Using apply in NumPy and Pandas is a common practice to perform element-wise operations or to apply custom functions across data structures.

Here are some examples:

4.3.1 Using apply in Pandas:

Pandas’ apply function is very powerful for applying custom functions along either axis (rows or columns) of a DataFrame or across a Series.

4.3.1.1 Applying a Function to a DataFrame Column

Imagine you have a DataFrame df with a column salary, and you want to calculate a 10% increase for all salaries.

import pandas as pd

# Sample DataFrame
data = {'employee': ['Alice', 'Bob', 'Charlie'],
        'salary': [50000, 60000, 70000]}
df = pd.DataFrame(data)

# Apply a function to increase salary by 10%
df['new_salary'] = df['salary'].apply(lambda x: x * 1.10)
print(df)

4.3.1.2 Applying a Function Across Rows

You have a DataFrame with columns x and y, and you want to create a new column z which is the sum of x and y.

# Sample DataFrame
df = pd.DataFrame({'x': [1, 2, 3], 'y': [4, 5, 6]})

# Apply a function row-wise
df['z'] = df.apply(lambda row: row['x'] + row['y'], axis=1)
print(df)

4.3.1.3 Using apply with a Custom Function

You can also use apply to apply a custom function defined outside the apply call.

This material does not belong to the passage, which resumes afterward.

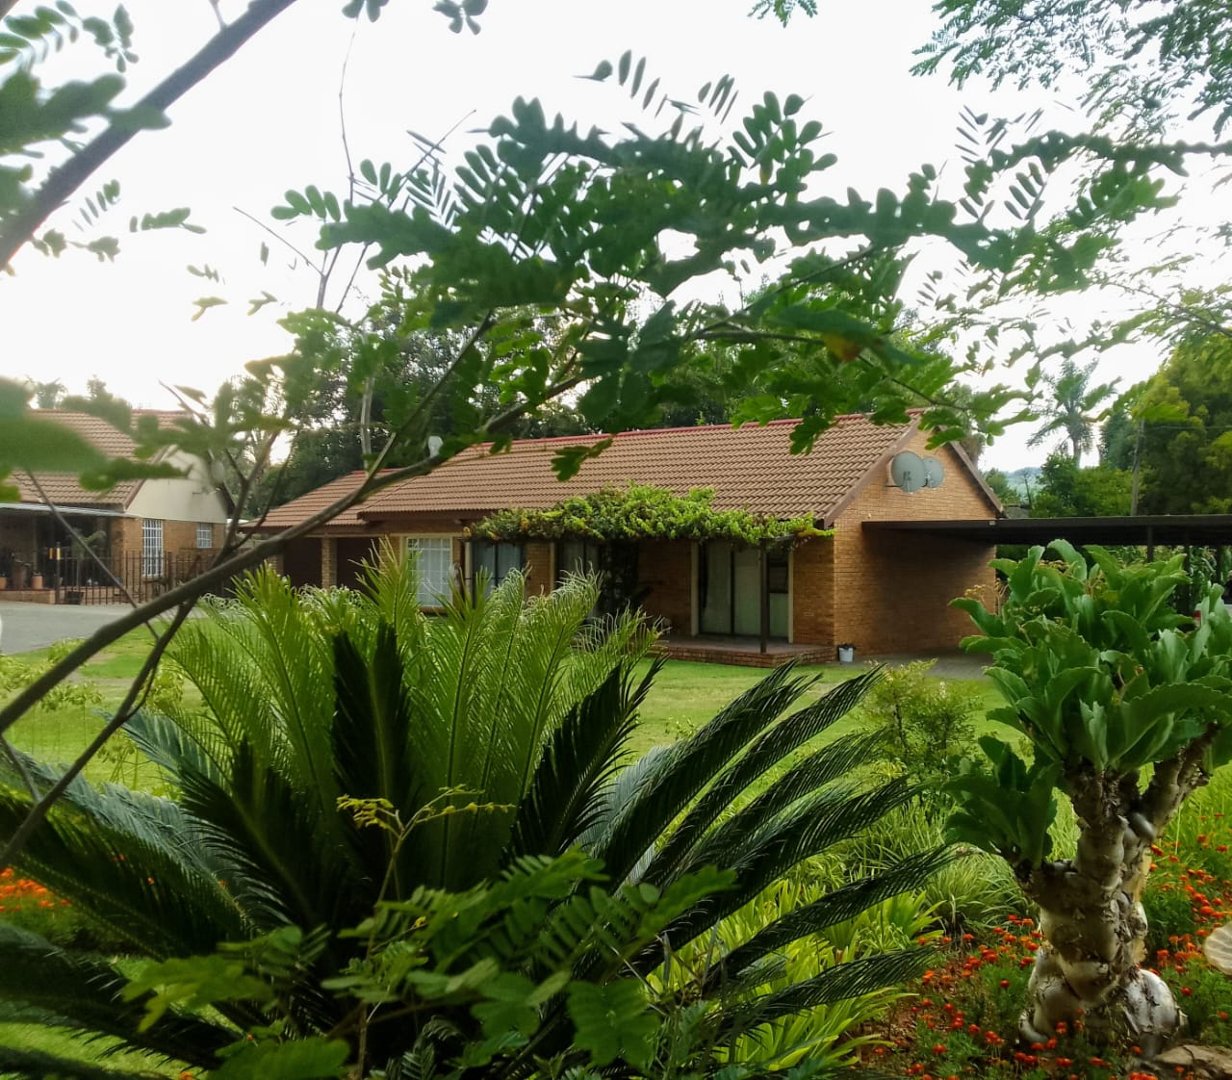 1 Bedroom Property for Sale in Pioneer Park KwaZulu-Natal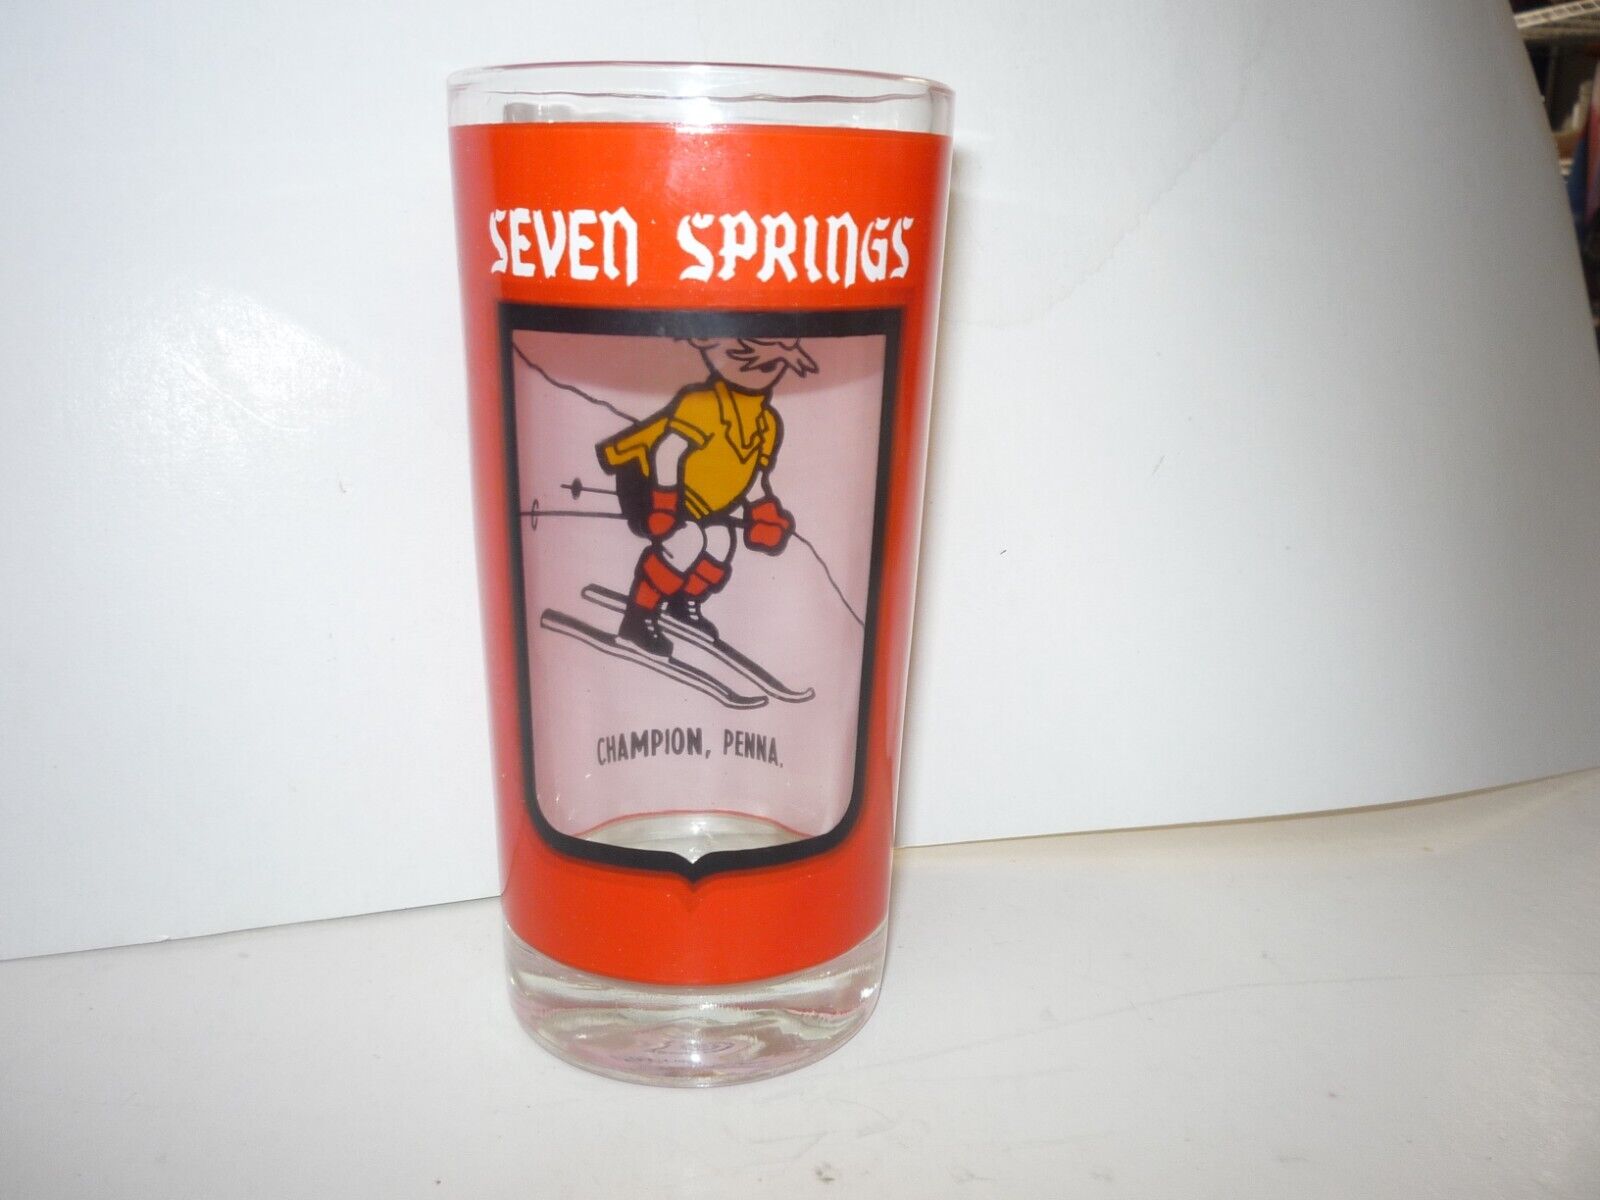  Seven Springs Mountain  Resort Souvenir  Glass - Champion - Somerset Pa.

# Custom function to categorize salary
def categorize_salary(salary):
    if salary > 60000:
        return 'High'
    else:
        return 'Low'

# Apply the custom function to the 'salary' column
df['salary_category'] = df['salary'].apply(categorize_salary)
print(df)

4.3.2 Using apply in NumPy:

NumPy’s apply_along_axis function is used to apply a function along a particular axis of a NumPy array.

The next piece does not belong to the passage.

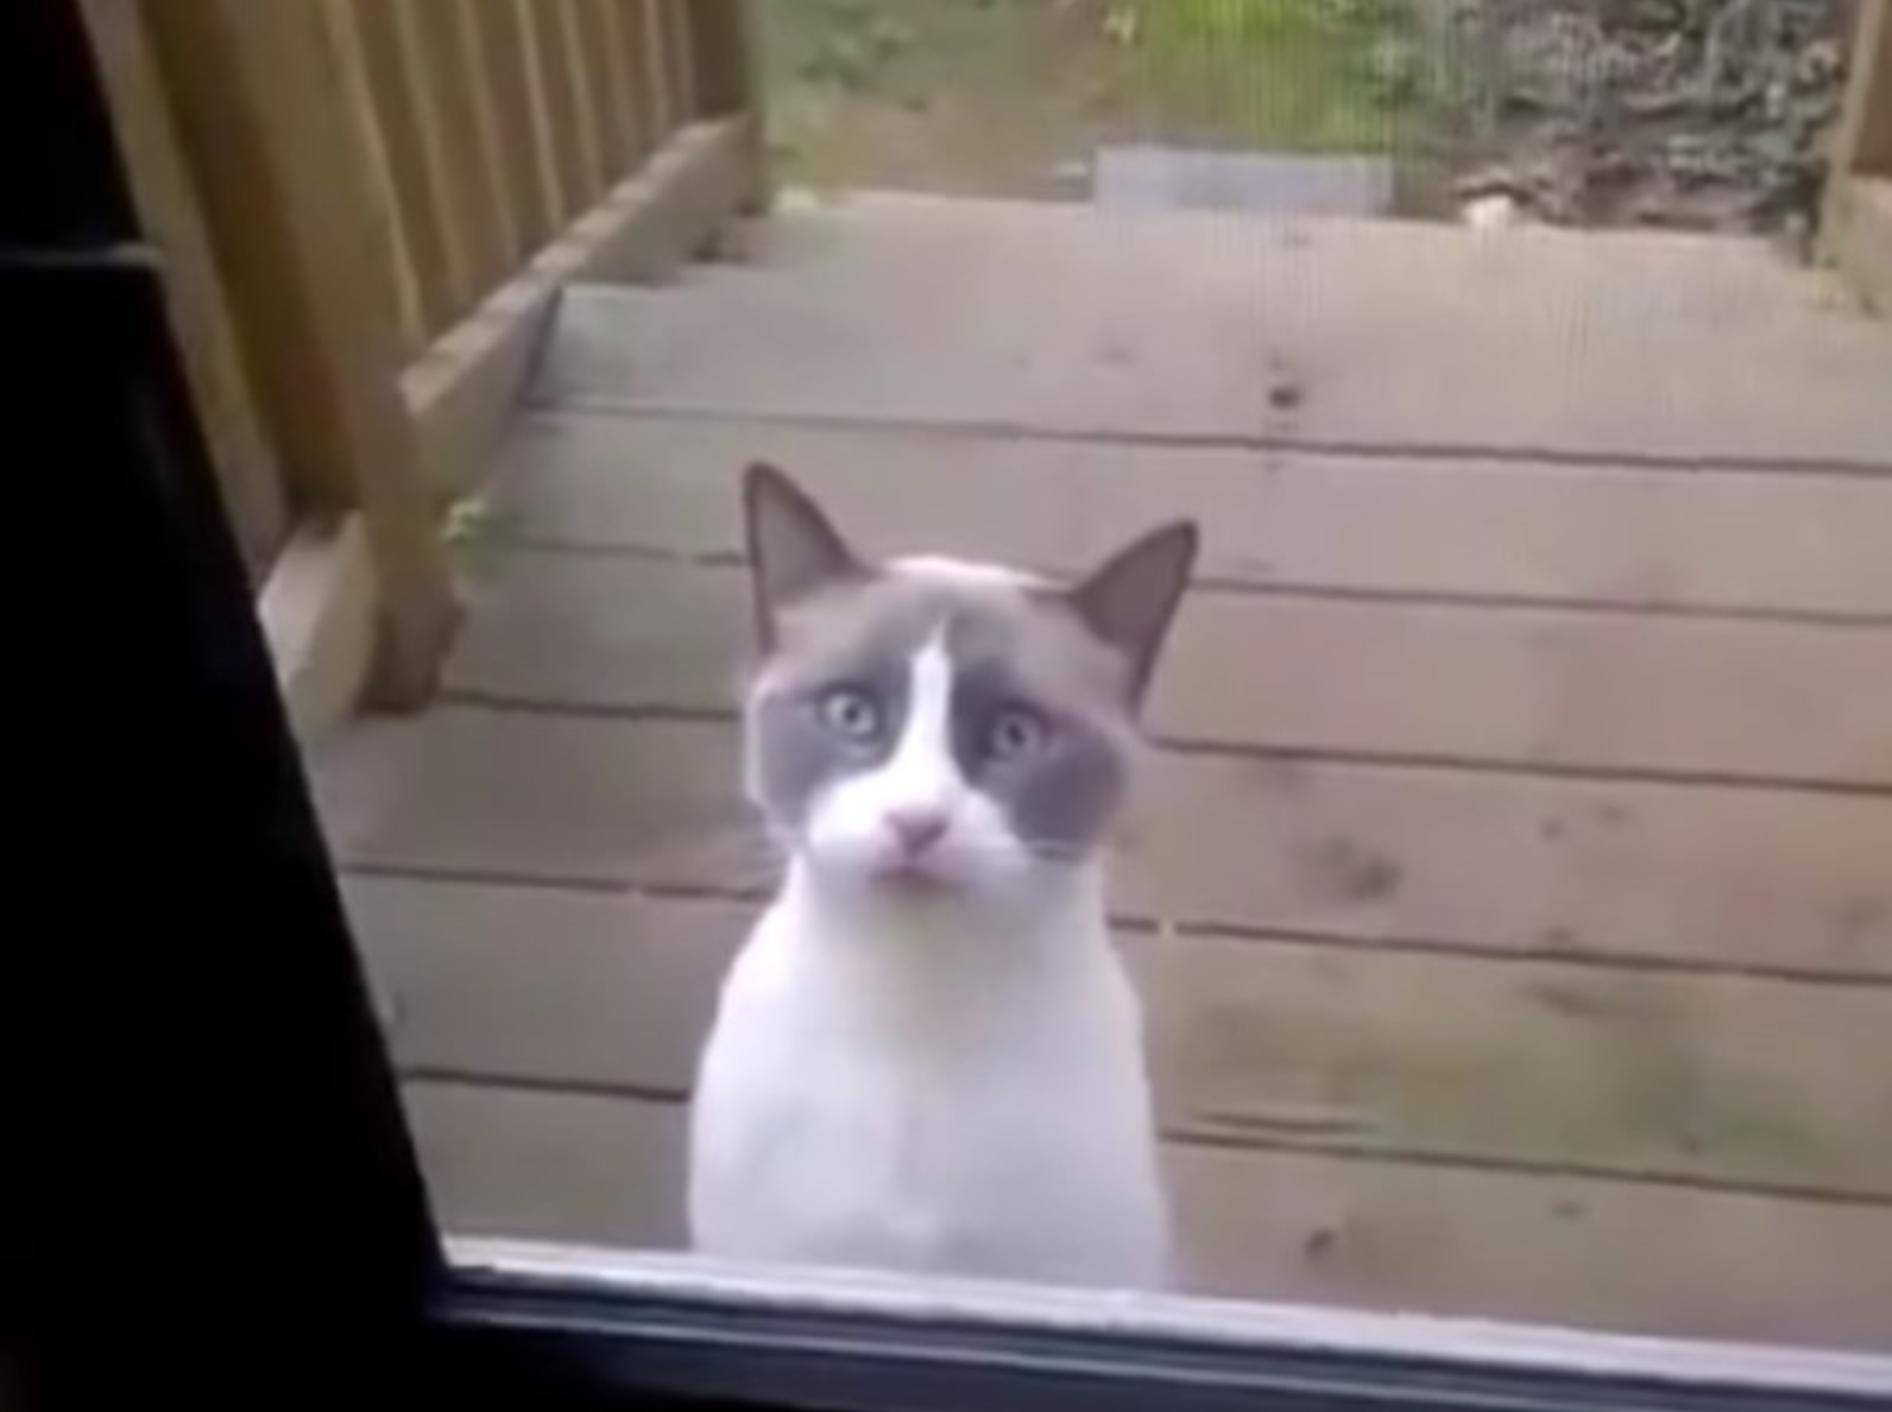 Irgendwie gruselig, wie die Katze da so jammert – YouTube / LachflashTV

4.3.2.1 Applying a Function to Each Row of a 2D NumPy Array

Suppose you have a 2D array and want to calculate the sum of each row.

import numpy as np

# Sample 2D array
arr = np.array([[1, 2, 3], [4, 5, 6], [7, 8, 9]])

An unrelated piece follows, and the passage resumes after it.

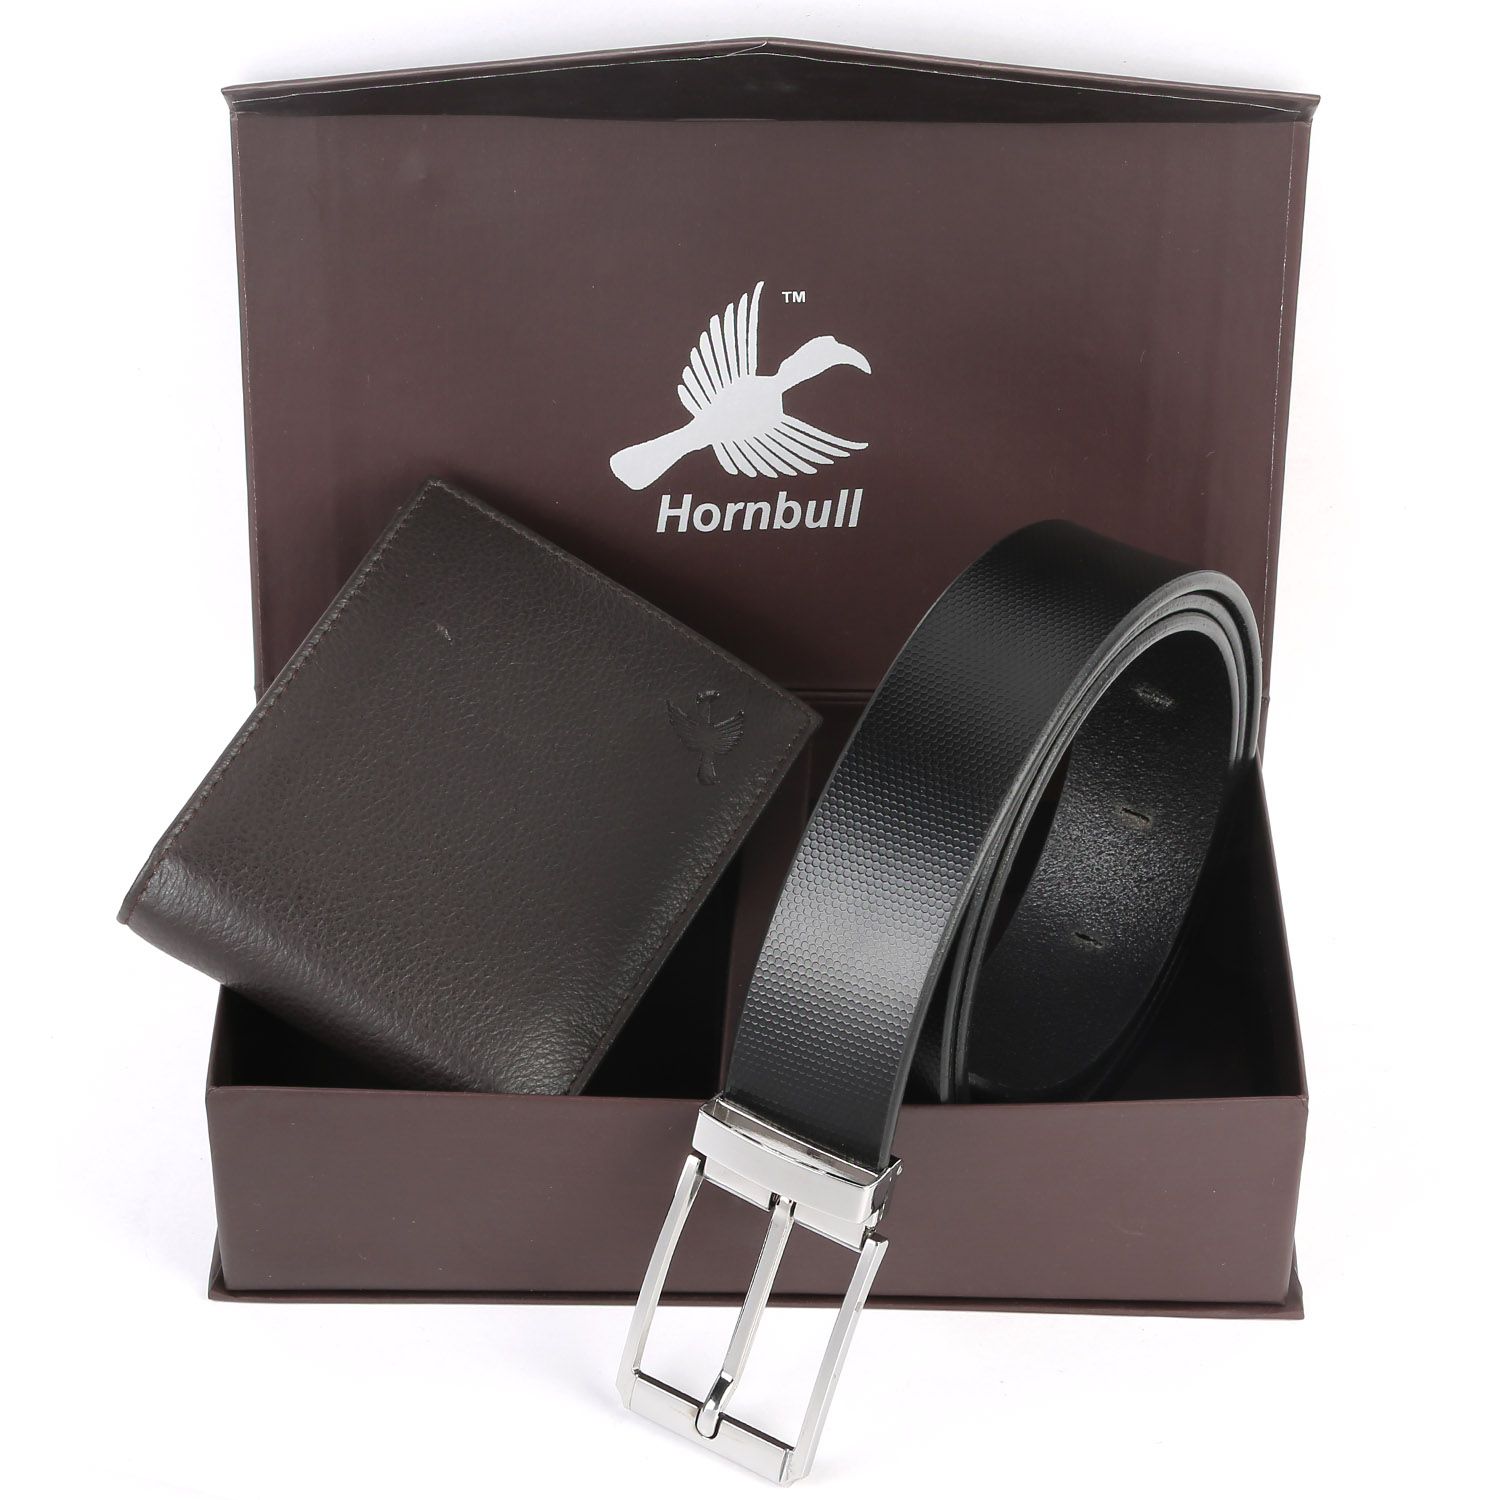 Hornbull Brown Wallet and Belt Diwali Gift Set for Men: Buy Online at ...

# Function to calculate sum of an array
def row_sum(row):
    return np.sum(row)

# Apply the function along the axis 1 (rows)
result = np.apply_along_axis(row_sum, axis=1, arr=arr)
print(result)  # Output: [ 6 15 24]

4.3.2.2 Applying a Function to Each Column of a 2D NumPy Array

Similar to the previous example, but applied along the columns.

# Function to calculate the mean of an array
def column_mean(column):
    return np.mean(column)

# Apply the function along the axis 0 (columns)
result = np.apply_along_axis(column_mean, axis=0, arr=arr)
print(result)  # Output: [4. 5. 6.]

4.3.3 Key Points to Mention in an Interview:

  • Pandas’ apply function is very versatile and is generally used to apply custom functions row-wise or column-wise in a DataFrame or to a Series.

  • NumPy’s apply_along_axis is more specific and used for applying a function along a specific axis (rows or columns) of an array.

  • These functions are particularly useful when built-in functions are not sufficient or when custom operations are needed.

  • While apply can be convenient, it’s worth mentioning that it can be slower than vectorized operations in Pandas and NumPy, so it should be used judiciously.

These examples should provide you with a solid foundation to demonstrate your understanding of apply in NumPy and Pandas during a data science interview.